§ EXERCISE PROMPT: Your copy of the data should match it exactly, except that the pictures are gone.

§ AVAILABLE DATA:
Content starts
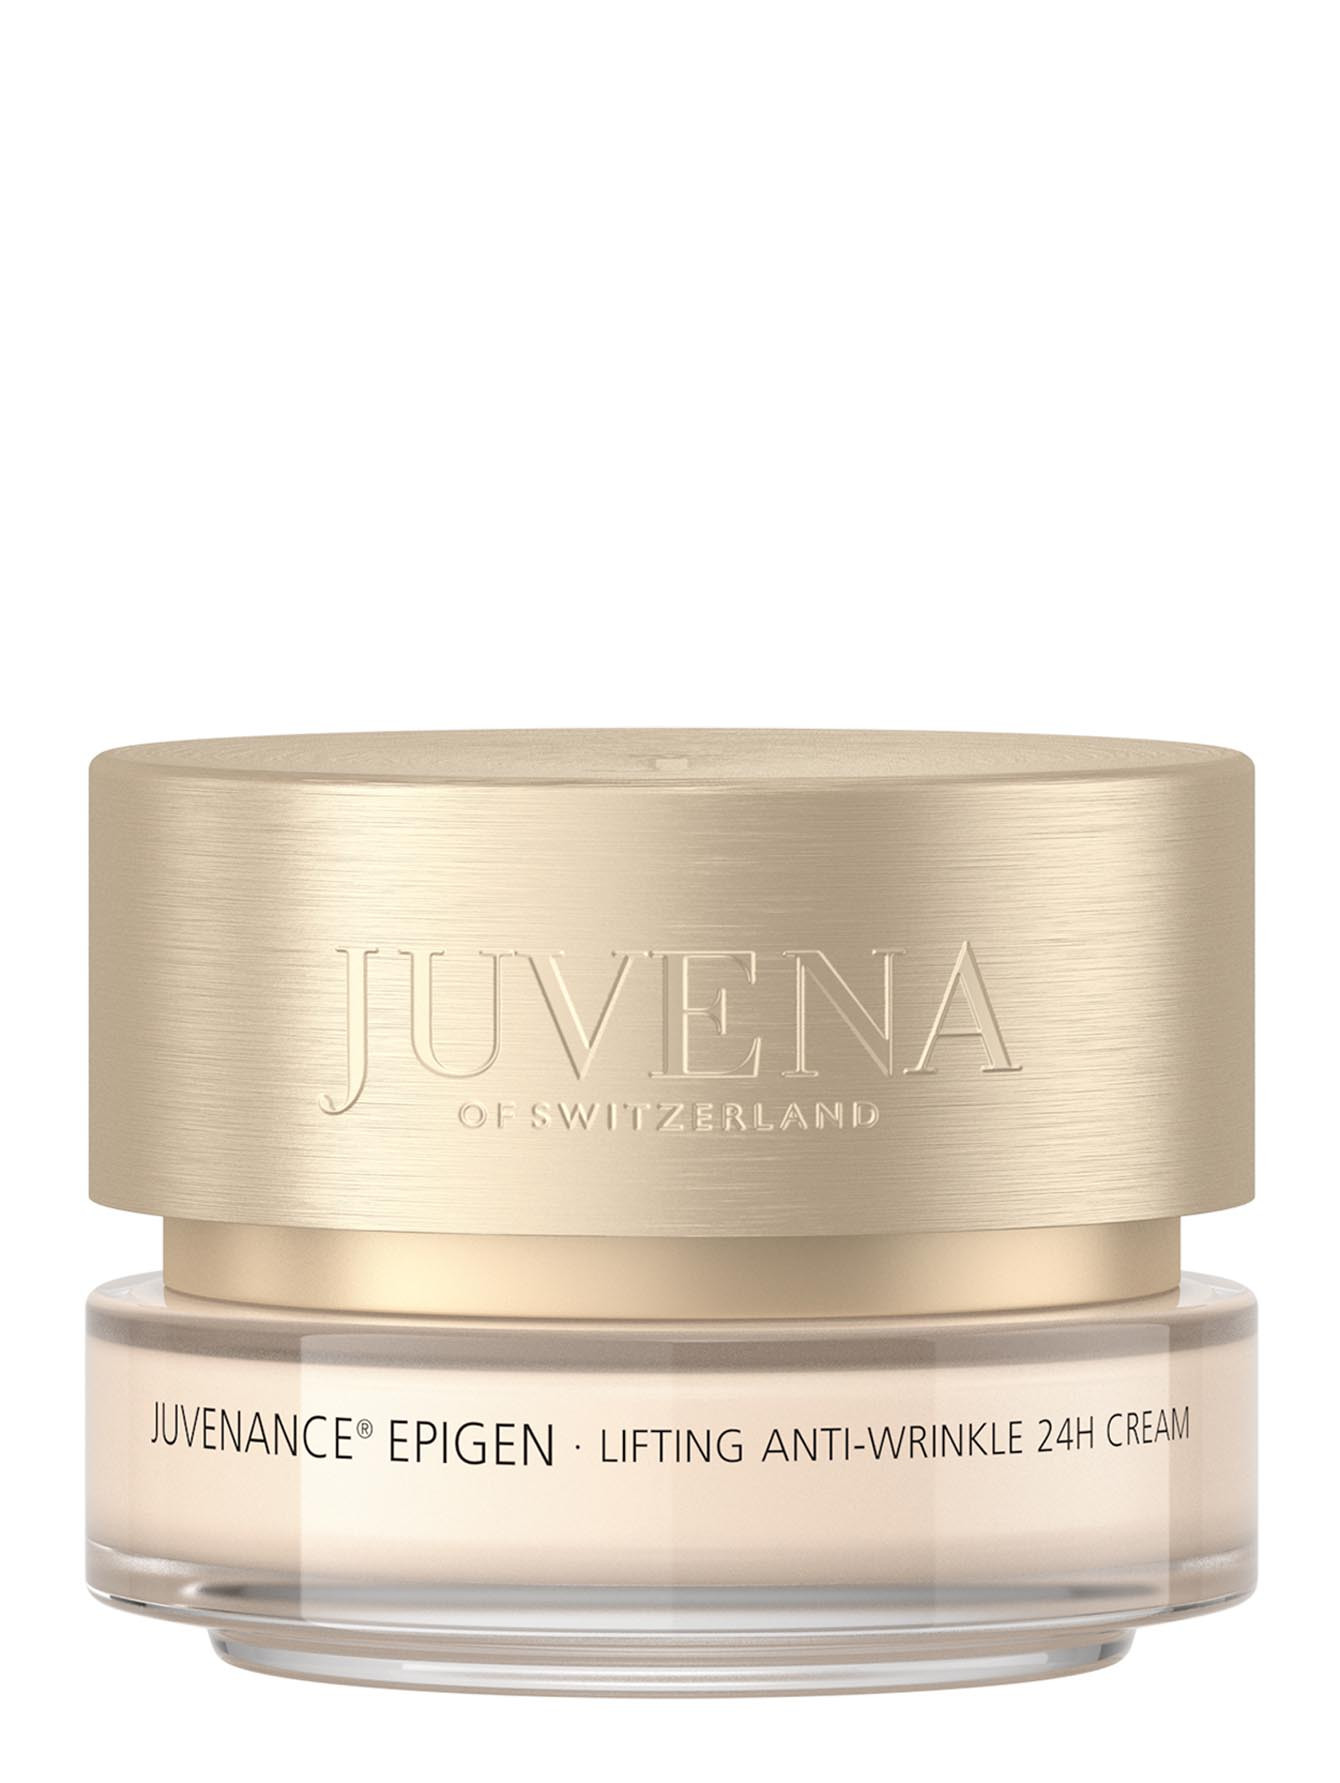 Лифтинг-крем против морщин «24 часа» Juvenance Epigen 24h Cream, 50 мл - Общий вид
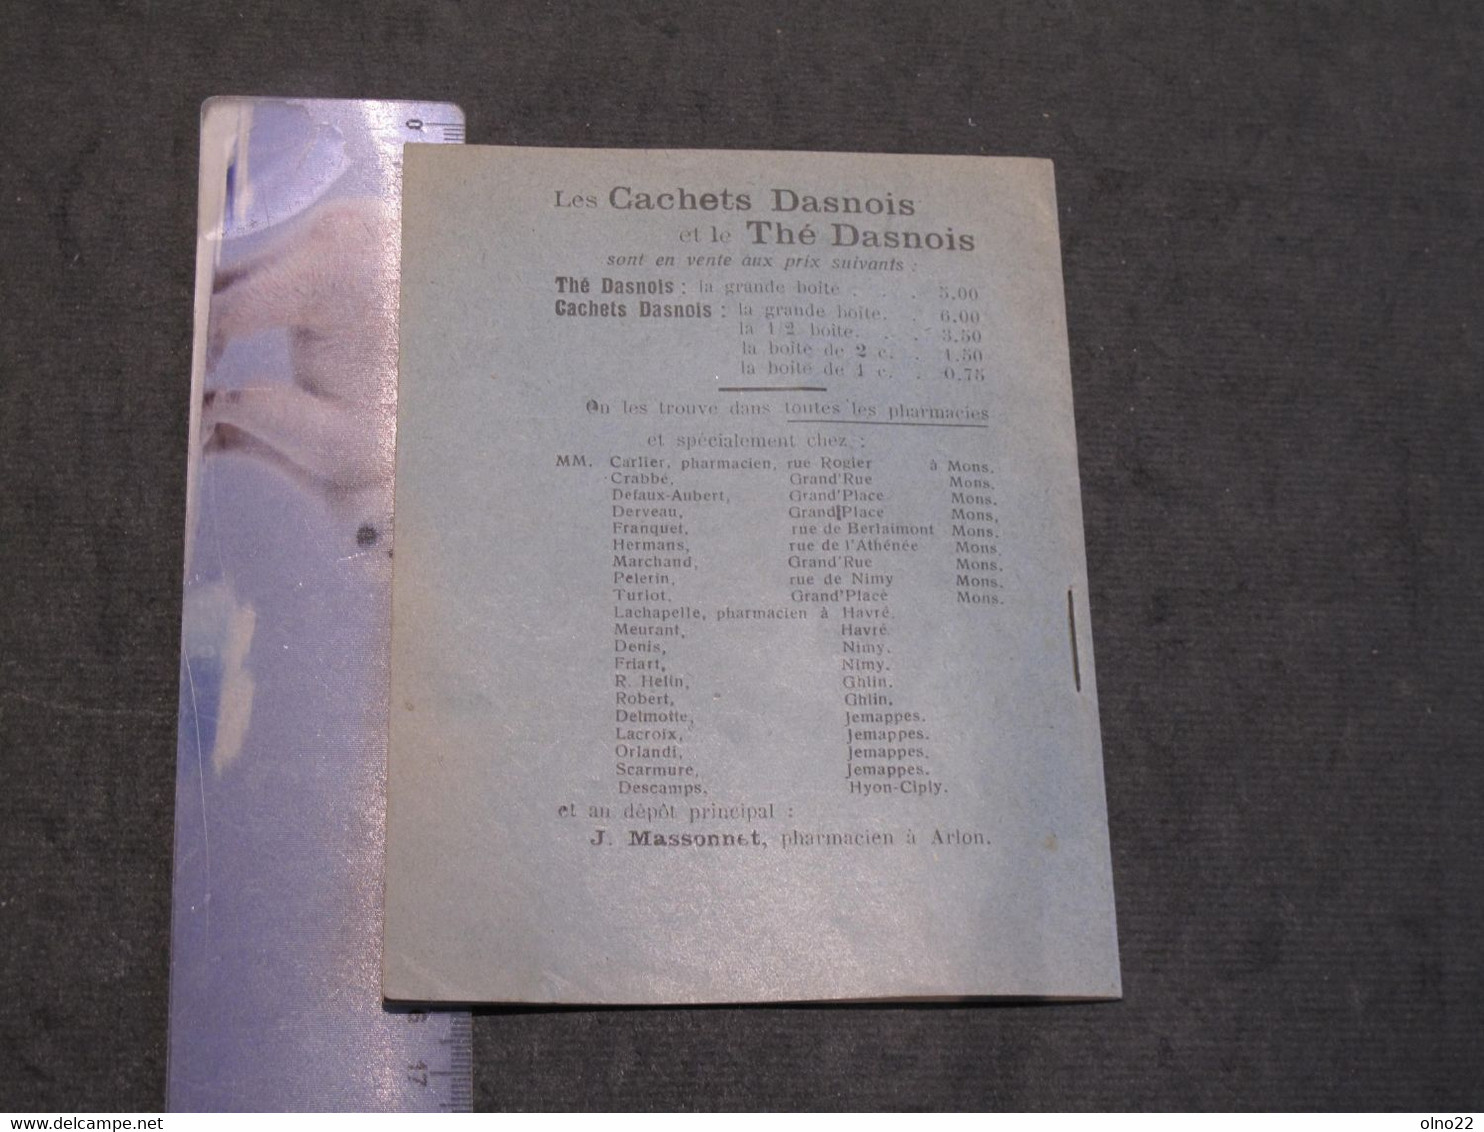 THE DASNOIS - CALENDRIER-ALMANACH 1928 - VOIR SCANS - Formato Piccolo : 1921-40
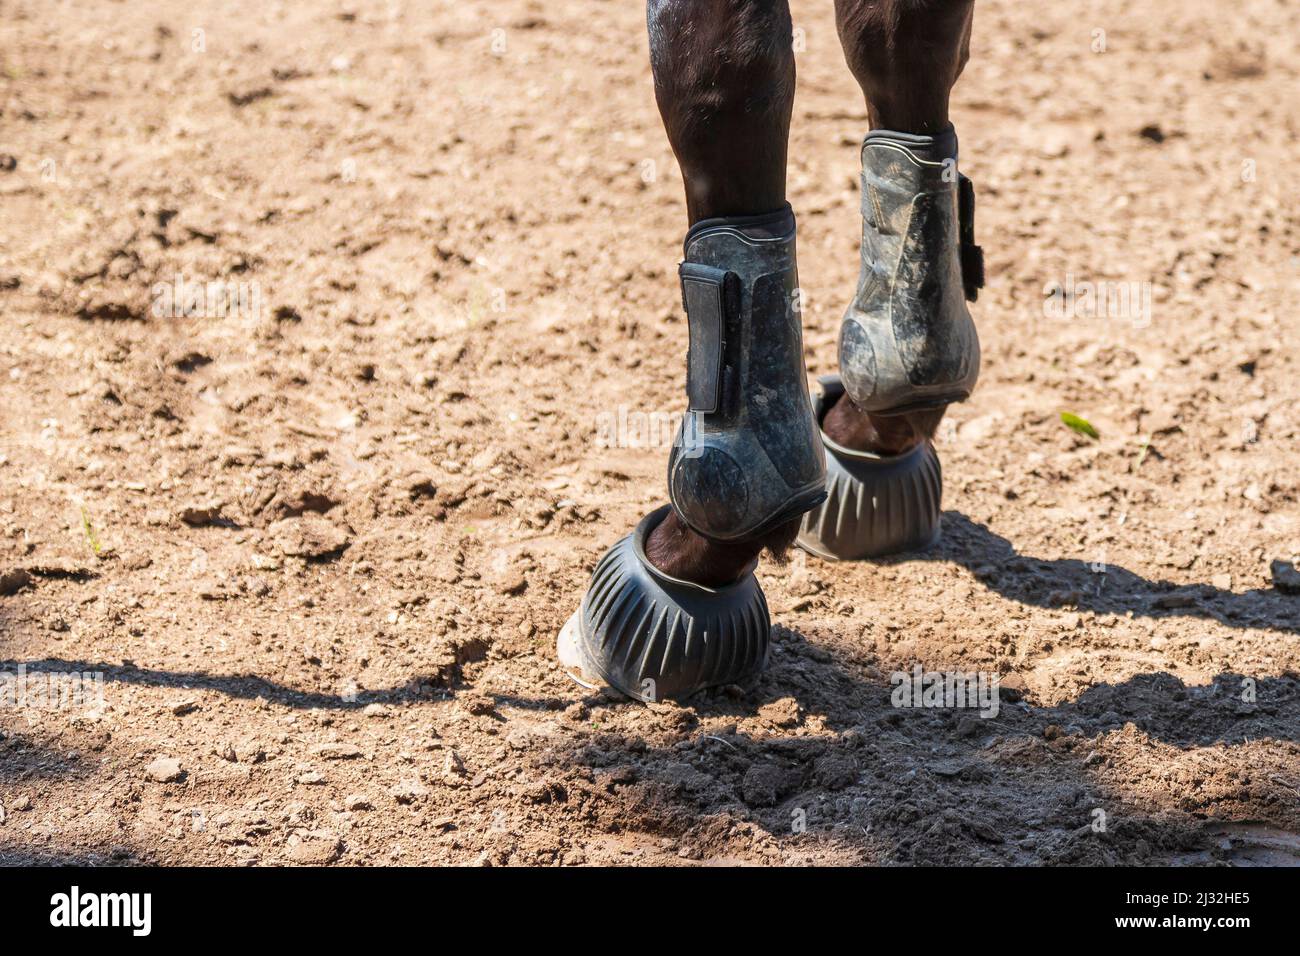 Primer plano del pie de un caballo. El caballo tiene protección contra la ortesis y el pezuelo en la pierna. Foto de stock
Content ends
§ WRITTEN ANSWER:
 Лифтинг-крем против морщин «24 часа» Juvenance Epigen 24h Cream, 50 мл - Общий вид
 THE DASNOIS - CALENDRIER-ALMANACH 1928 - VOIR SCANS - Formato Piccolo : 1921-40
 Primer plano del pie de un caballo. El caballo tiene protección contra la ortesis y el pezuelo en la pierna. Foto de stock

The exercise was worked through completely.